Andreas Tolk, who joined the university in 2002 as a research scientist at VMASC, and who, since 2006, has been as a faculty member in the Frank Batten College of Engineering and Technology, received the first-ever Technical Merit Award from the Simulation Interoperability Standards Organization (SISO) last fall.

The award recognized the work of Tolk, an associate professor of engineering management and systems engineering, for "being at the forefront of scientific thought" in modeling and simulation interoperability issues for more than a decade.

Tolk said he hopes the "melting pot" of interdisciplinary research at ODU will help nurture this body of research aimed at breaking down the typical way of tackling modeling and simulation problems.

"We are so busy in cutting down the woods, we do not understand that we're using an axe, and someone else might have a chainsaw.
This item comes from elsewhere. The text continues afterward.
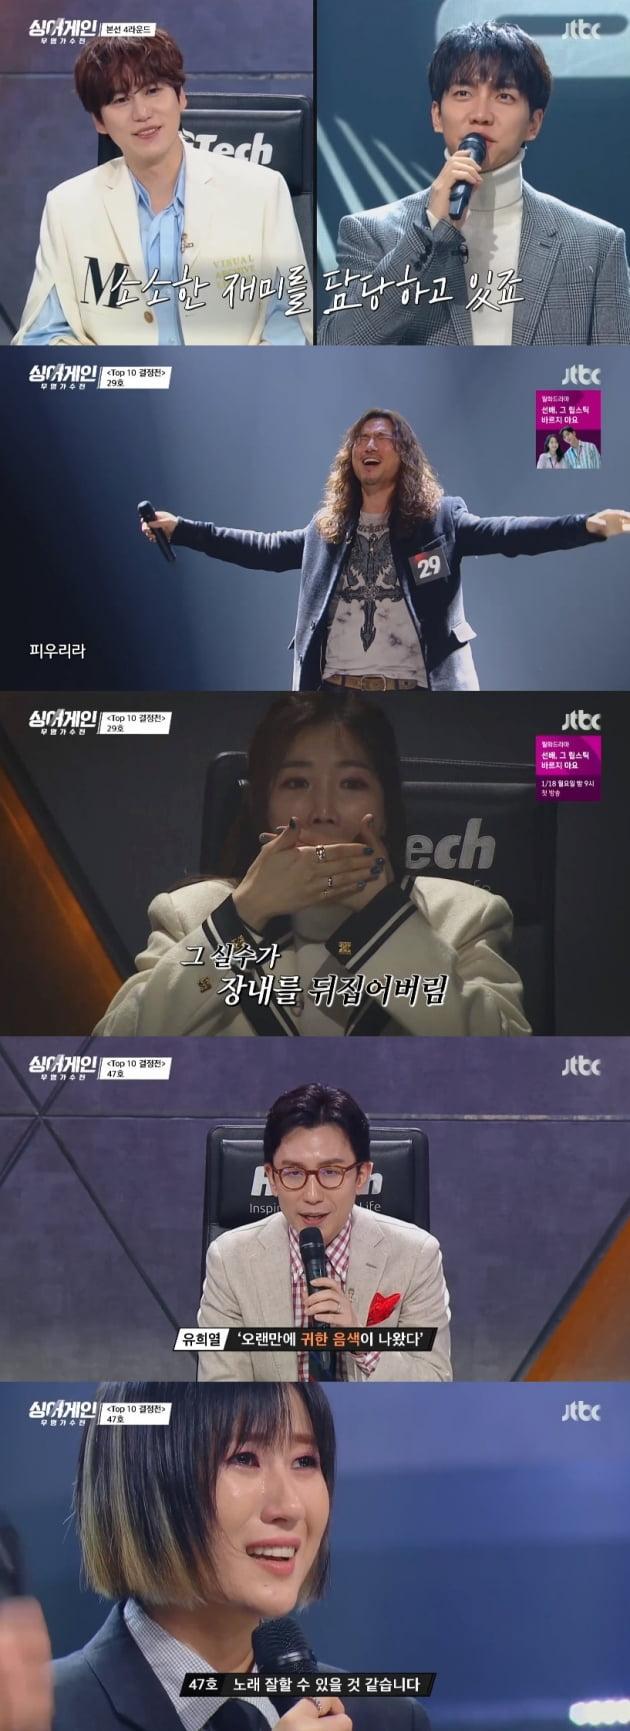 '싱어게인' 톱10 결정전 /사진=JTBC

And we also don't understand what it means to cut down these woods. So that's what we're trying to understand in interoperability research as well: Why are we doing things theoretically, and what tools can we use practically," Tolk said.

When today's students and future graduates begin work in VMASC's interoperability research stream, Diallo said they'll be getting practical experience they can directly apply in the workforce.

"In terms of practicality, future grads will likely work more on interoperability issues than on developing new systems because the money, the finances, to build these new systems won't be there. From a business standpoint, nobody wants to throw away what they have to build new stuff," Tolk said

"The earlier that students know what type of questions to ask, what to look for, how to do it properly, the more marketable they'll be when they come out."

In the past two years, interoperability research at VMASC has attracted nearly $1 million in investment, Diallo said. The success in research led furthermore to several invited book chapters for textbooks and invited expert panel discussions during workshops. The paper summarizing the main ideas in the "Levels of Conceptual Interoperability Model (LCIM)" were referenced by more than 170 researchers, based on recent Google Scholar data. As well, two doctoral dissertations have been completed under Tolk's advisement.